Collected material:

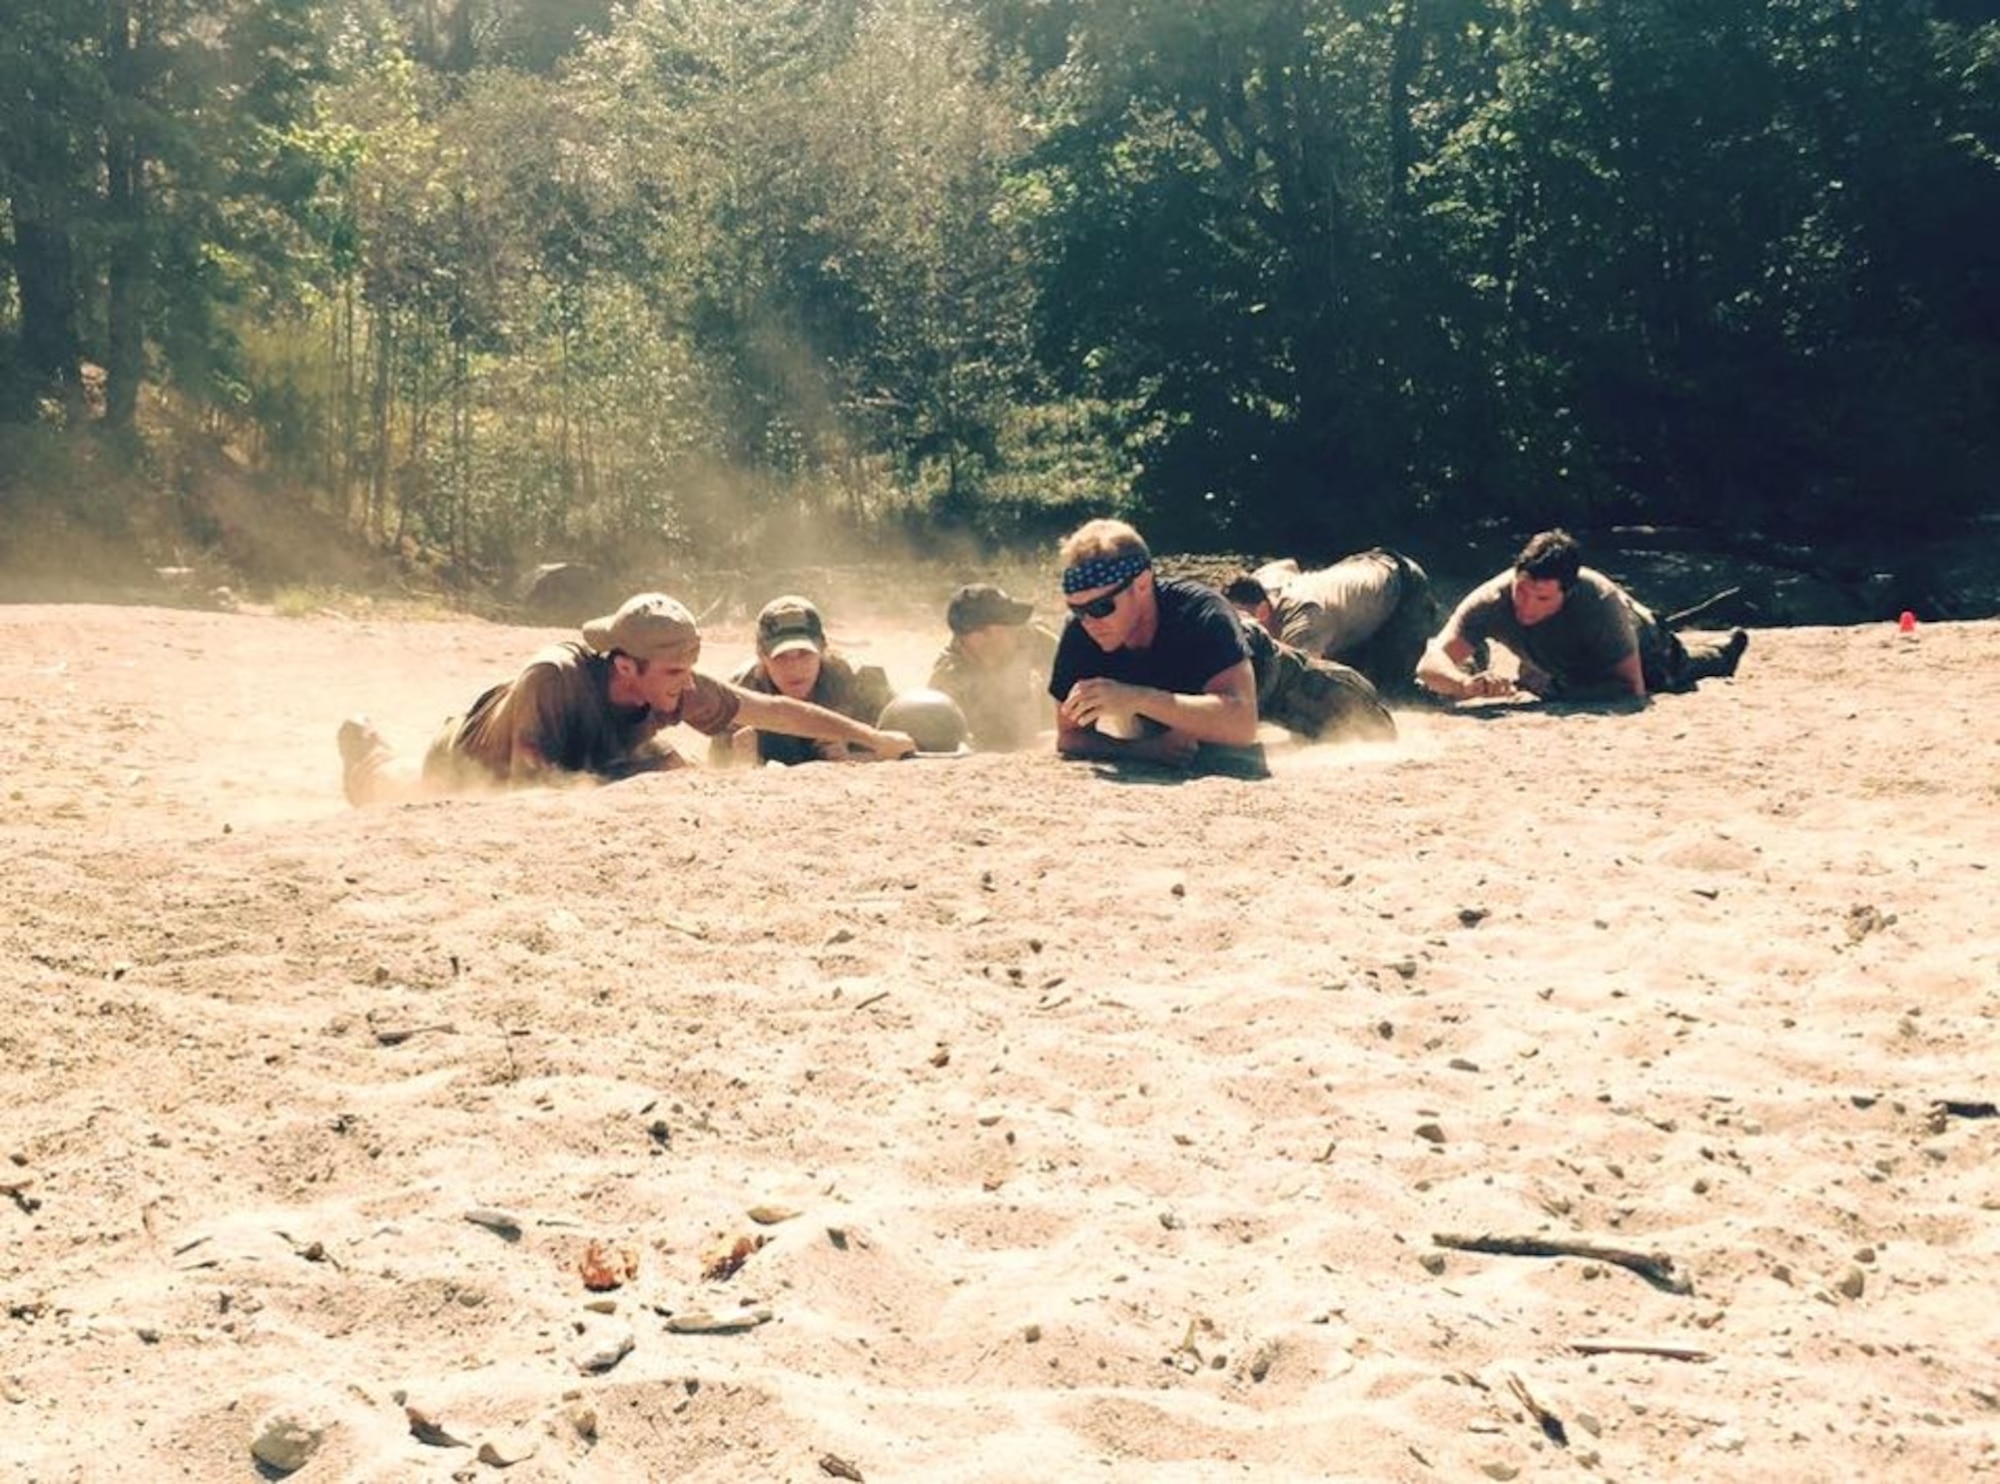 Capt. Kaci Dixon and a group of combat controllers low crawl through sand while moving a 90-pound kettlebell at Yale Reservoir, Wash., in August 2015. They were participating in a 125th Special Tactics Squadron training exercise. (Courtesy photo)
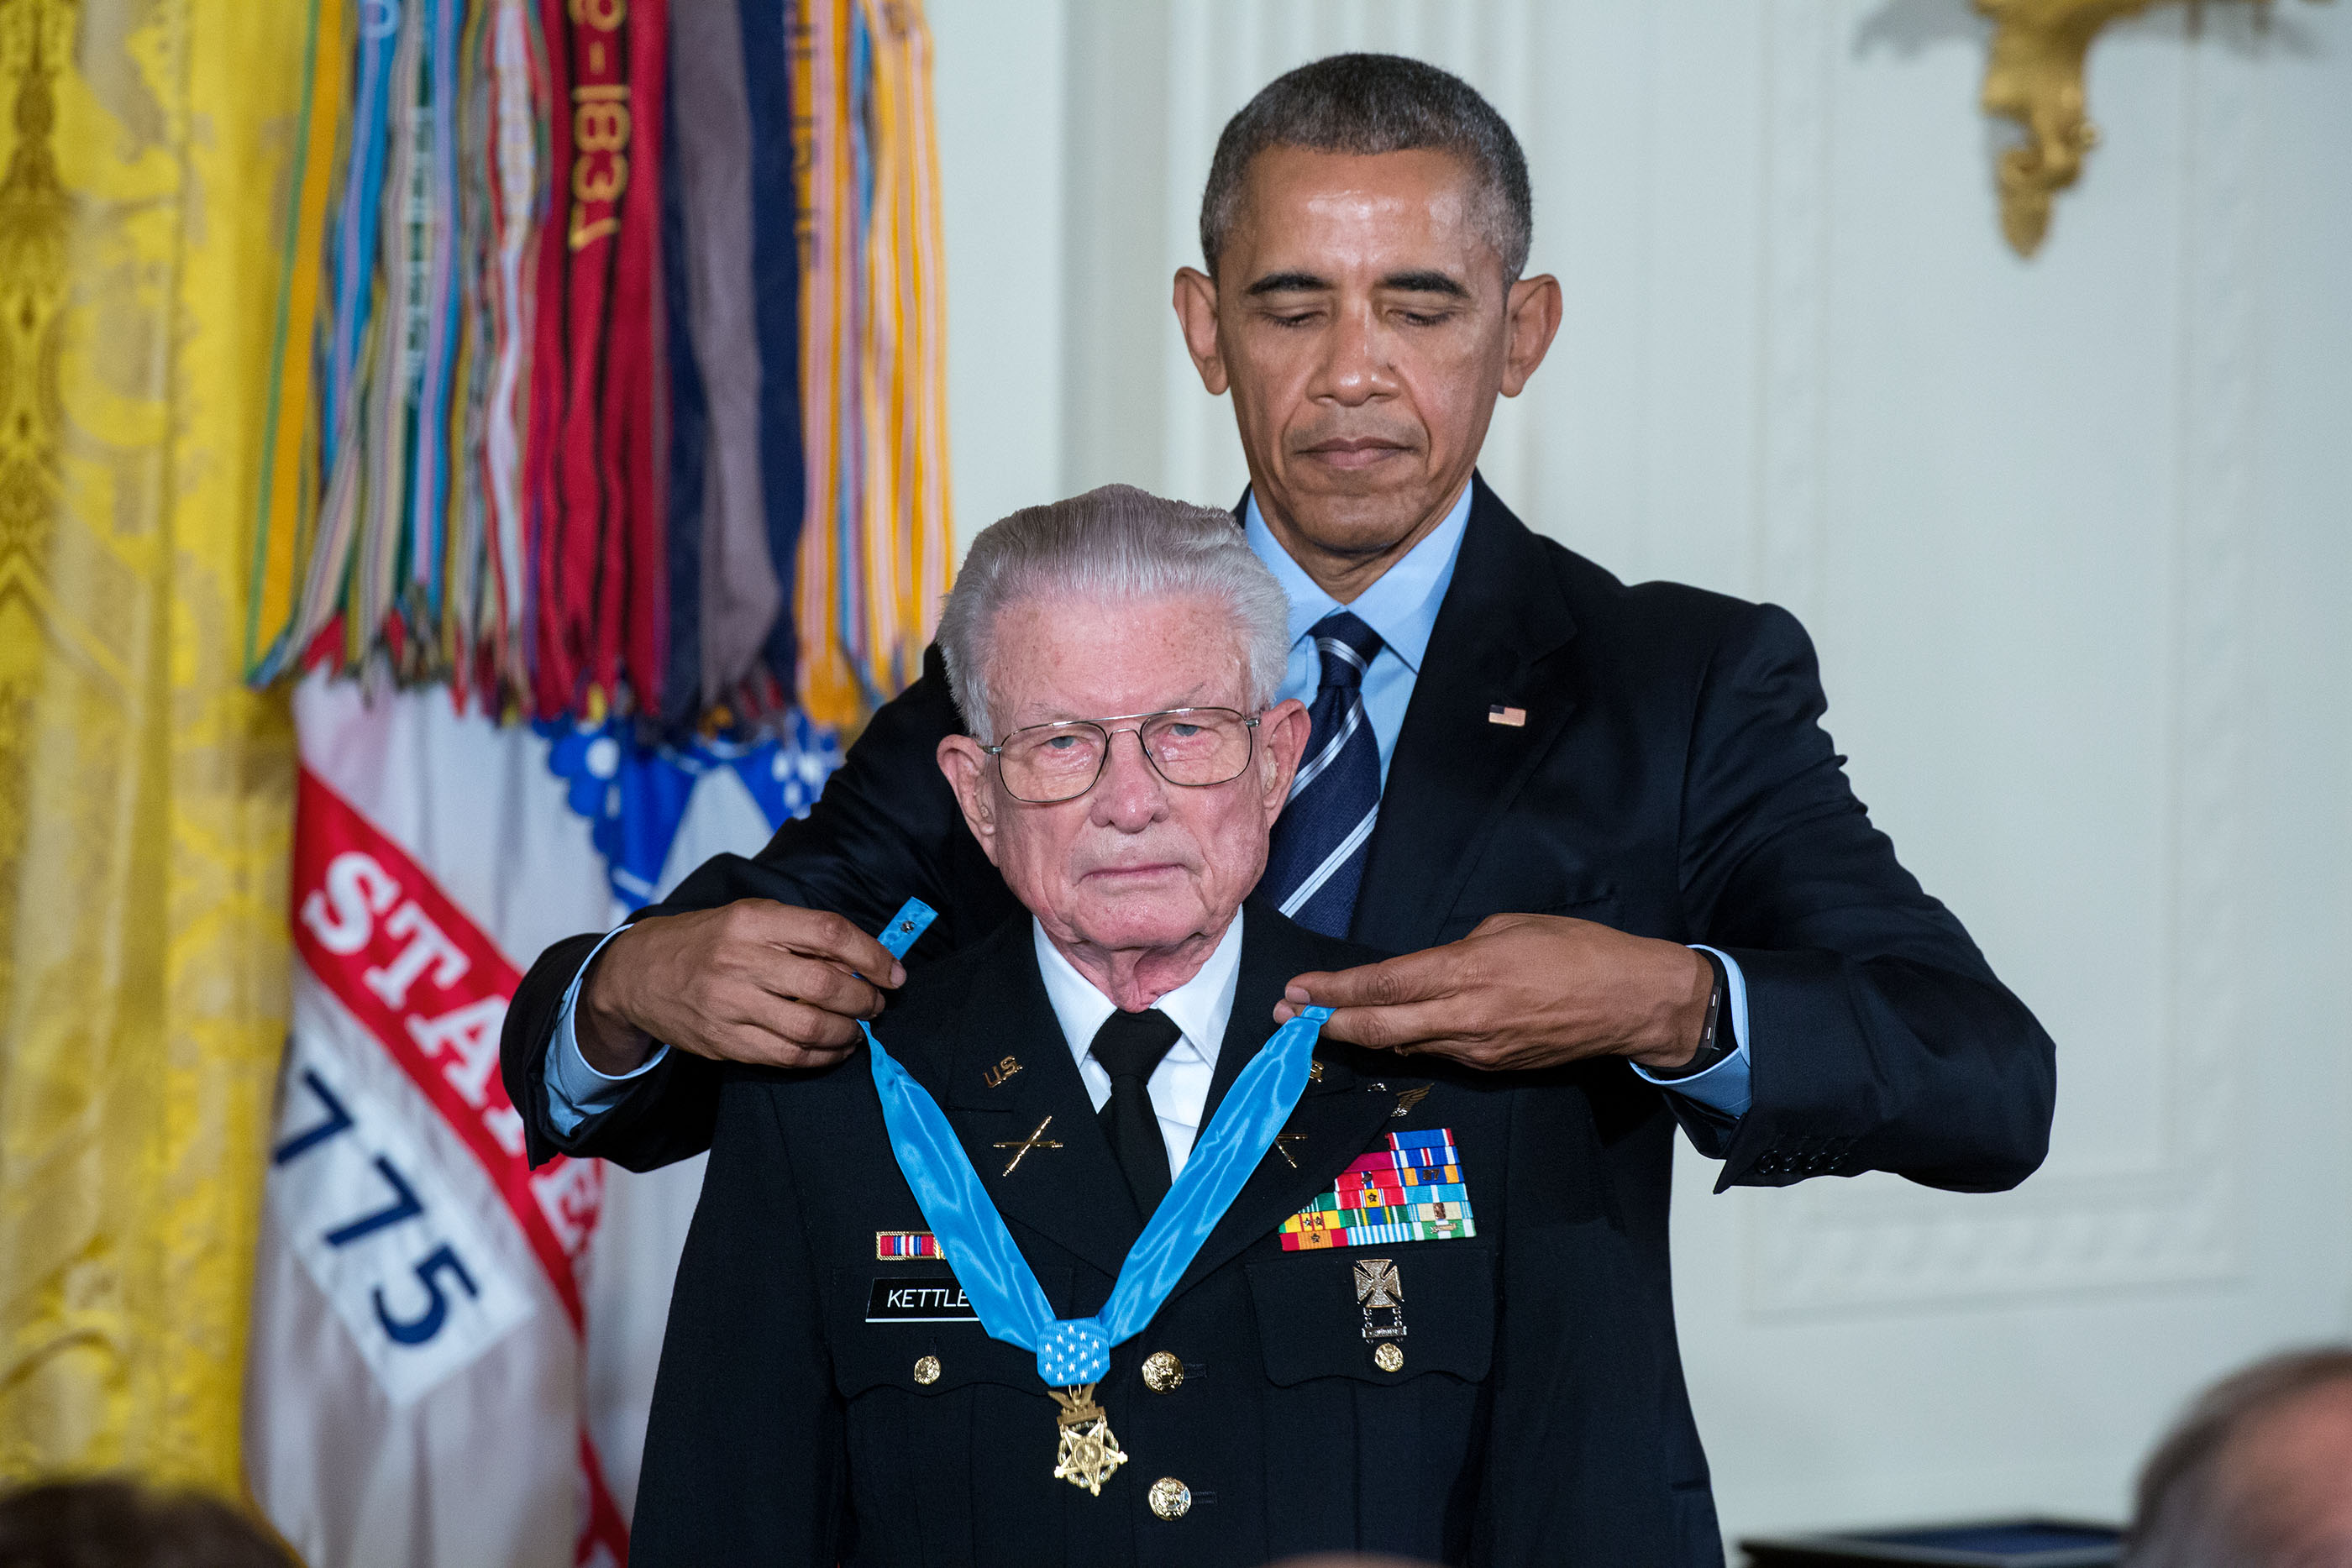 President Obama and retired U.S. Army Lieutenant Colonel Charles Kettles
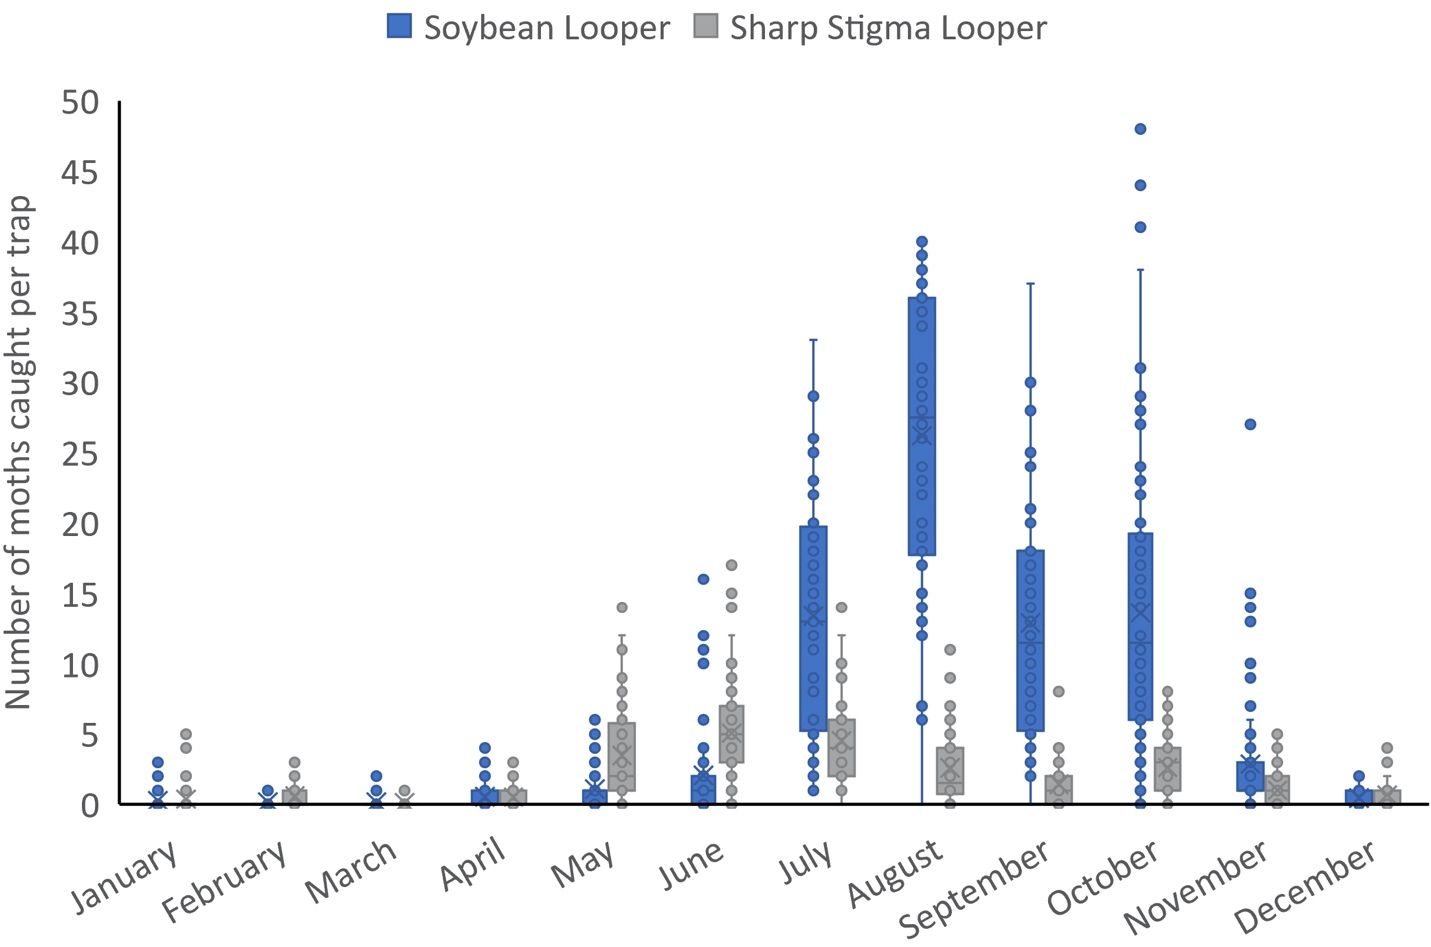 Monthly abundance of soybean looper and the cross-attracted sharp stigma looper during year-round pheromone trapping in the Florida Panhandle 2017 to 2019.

What the exercise asks: A word-for-word copy of the data, without its pictures, is what is needed.

Response box:
 Capt. Kaci Dixon and a group of combat controllers low crawl through sand while moving a 90-pound kettlebell at Yale Reservoir, Wash., in August 2015. They were participating in a 125th Special Tactics Squadron training exercise. (Courtesy photo)
 President Obama and retired U.S. Army Lieutenant Colonel Charles Kettles
 Monthly abundance of soybean looper and the cross-attracted sharp stigma looper during year-round pheromone trapping in the Florida Panhandle 2017 to 2019.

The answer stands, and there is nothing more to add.